Толпа крестьян все еще глазела на дормез с тем же замкнутым выражением лиц. Куда подевалась французская веселость, которая привела было путешественников в такой восторг?
Молодой оборванец снова поймал ее взгляд и взмахнул шляпой:
— Adieu! [88]
— Adieu! — невольно улыбнулась Маша в ответ.
Проехали Шалон-сюр-Марн. Теперь Париж был совсем близко — в каком-то дне езды. Франция вновь сделалась прекрасной и сказочной. Вдоль дороги расстилался живописный лес. Птицы пели в листве на разные голоса, и молодые олени играли на обочинах, поросших изумрудно-зеленой травкою.
Однако на душе у Маши было невесело. Воротились прежние опасения и сомнения.

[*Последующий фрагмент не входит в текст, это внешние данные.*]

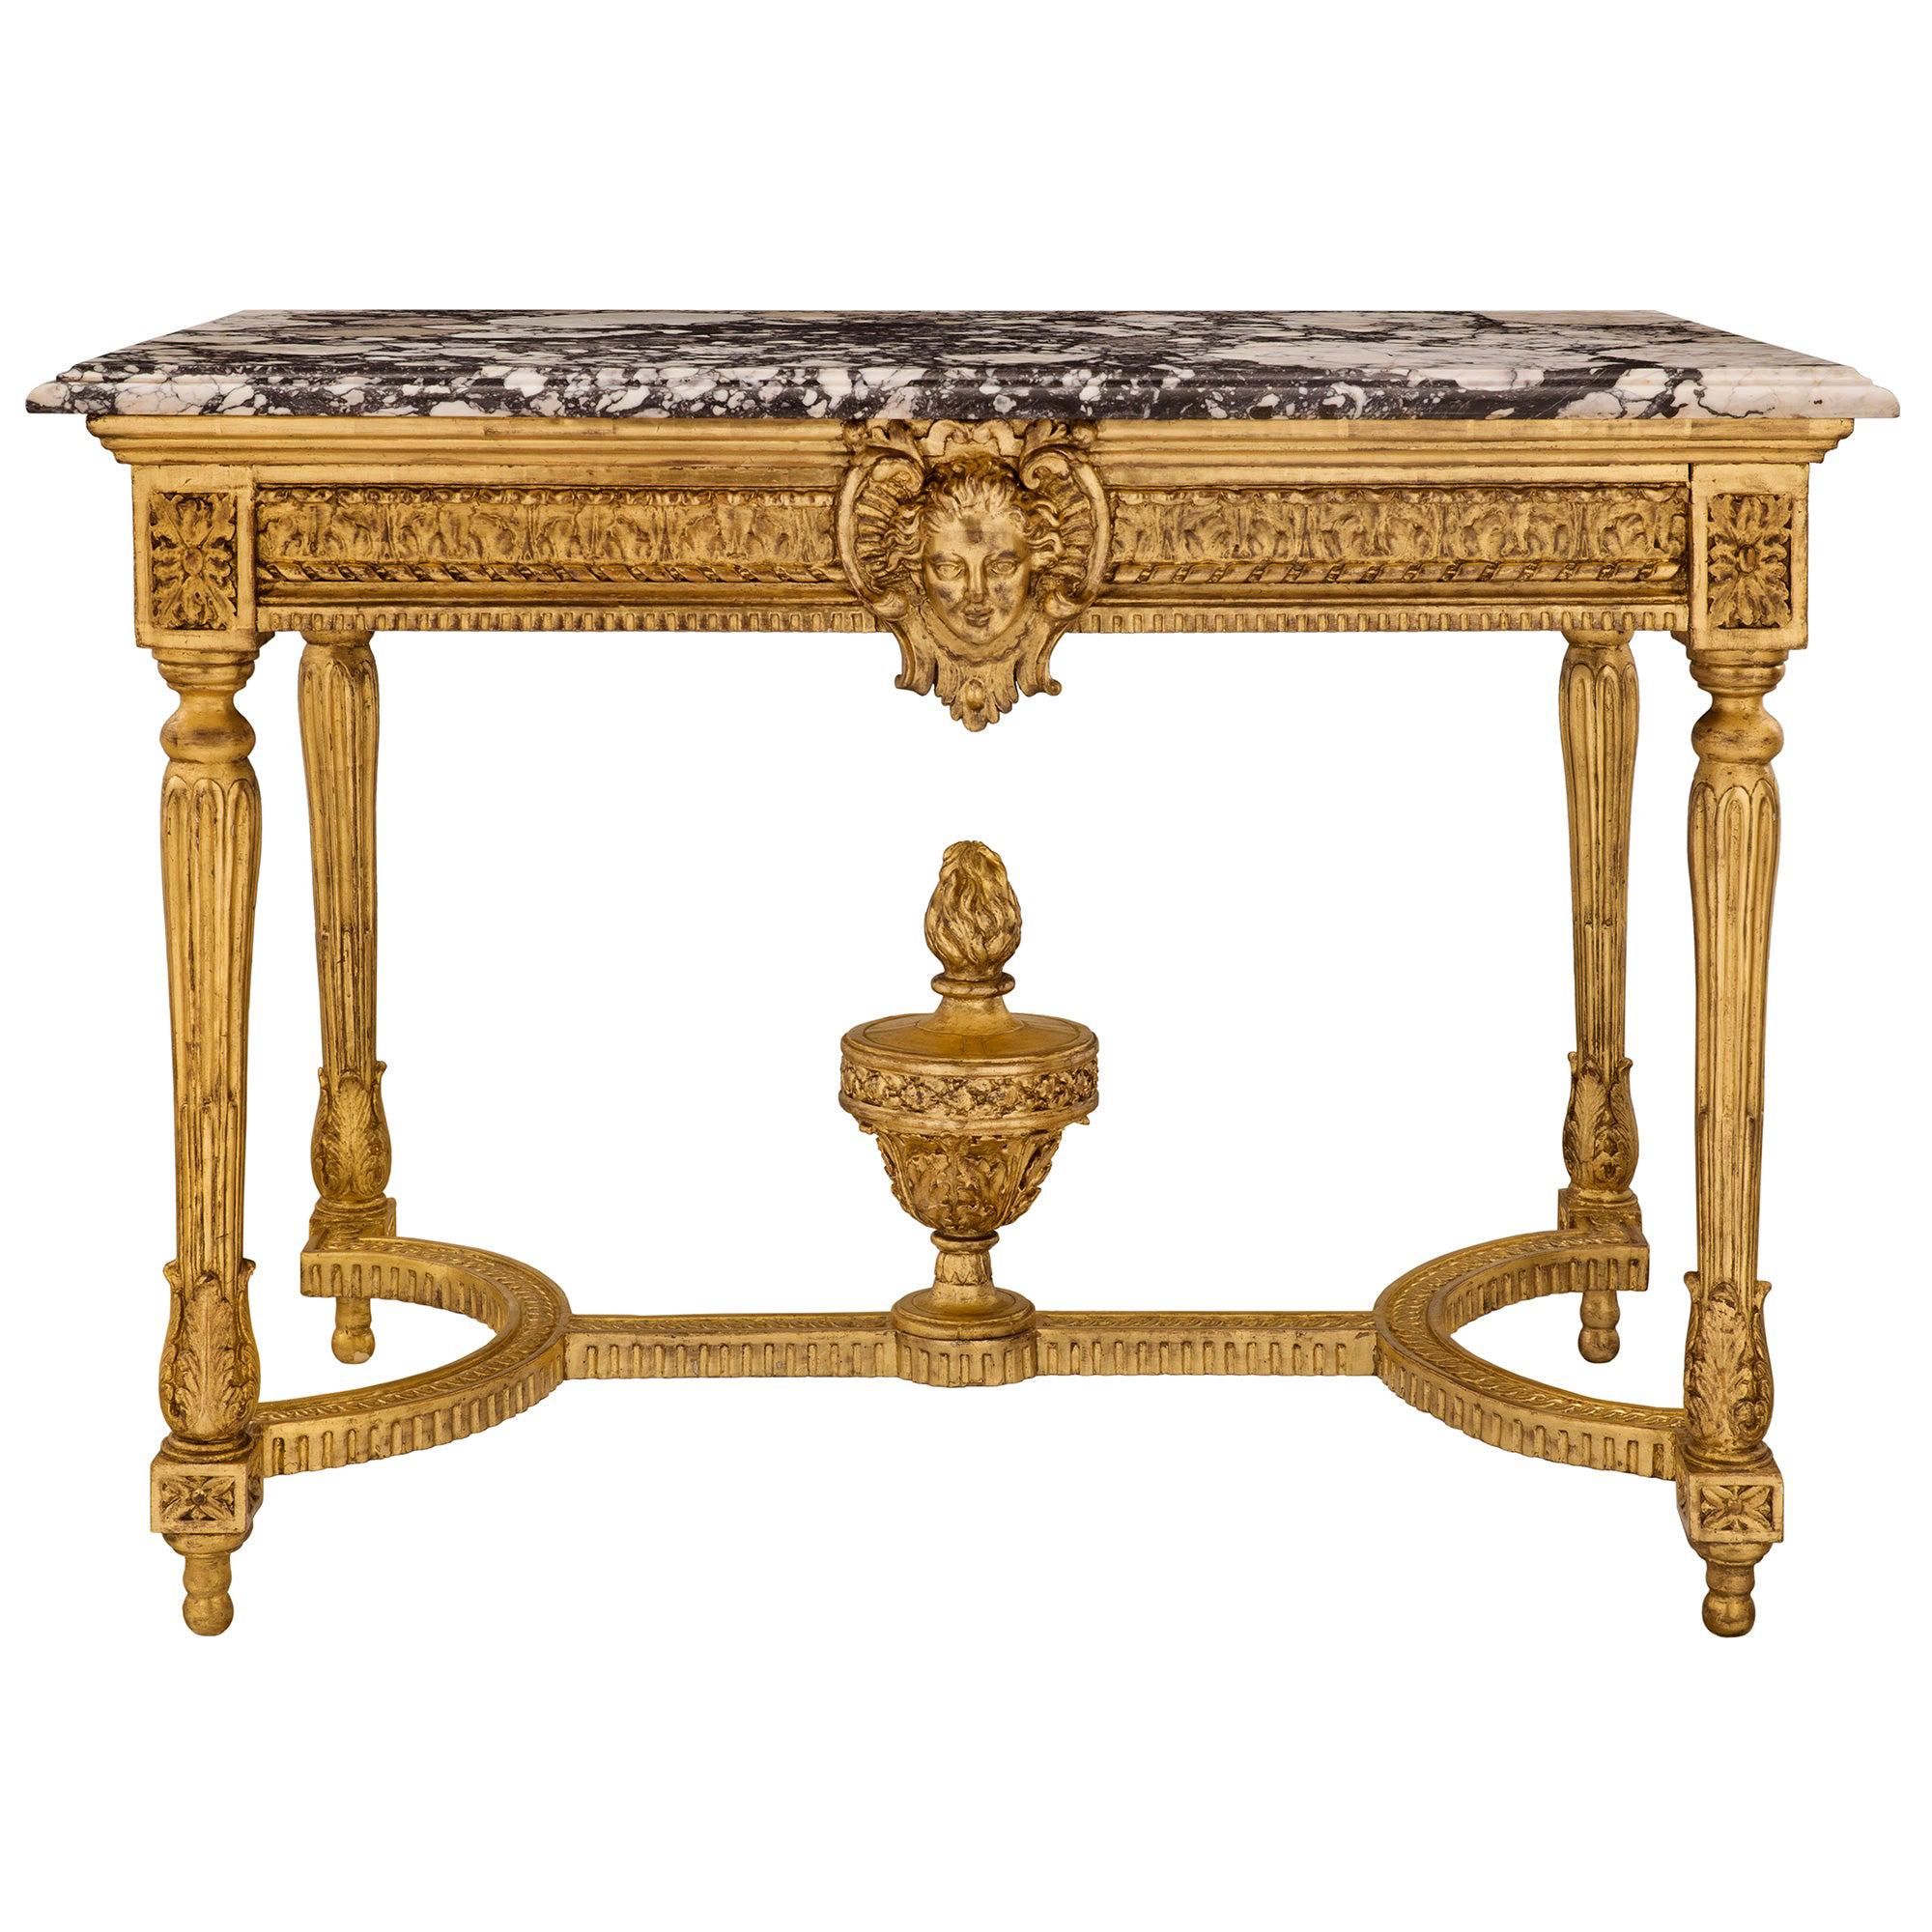 Centre de table en bois doré de style Louis XVI du milieu du XIXe siècle français

Чего уж таиться от самой себя — она до смерти боялась встречи с Корфом, и безысходность будущего не только печалила, но и раздражала ее. Вдобавок Данила, отдохнувший от тяжких трудов и хлебнувший с устатку водочки (с опрометчивого соизволения барыни, о чем она не замедлила горько пожалеть), вдруг снова обратился мыслями к разбойничьей теме, да хорошо, если бы только мыслями! Забыв обычную свою сдержанность, он принялся безудержно вспоминать былые времена, когда и сам входил в разбойничью шайку знаменитого атамана Гришки Вольного. Данила так разошелся, что уже через малое время граф Комаровский осторожно придвинул к себе шкатулку с пистолетами, а Глашенька примерялась, как бы половчее отворить дверцу да успеть выскочить из кареты, хоть бы и на полном скаку, когда придет пора спасать жизнь от сего великого разбойника, который, судя по рассказу, души людские губил бессчетно!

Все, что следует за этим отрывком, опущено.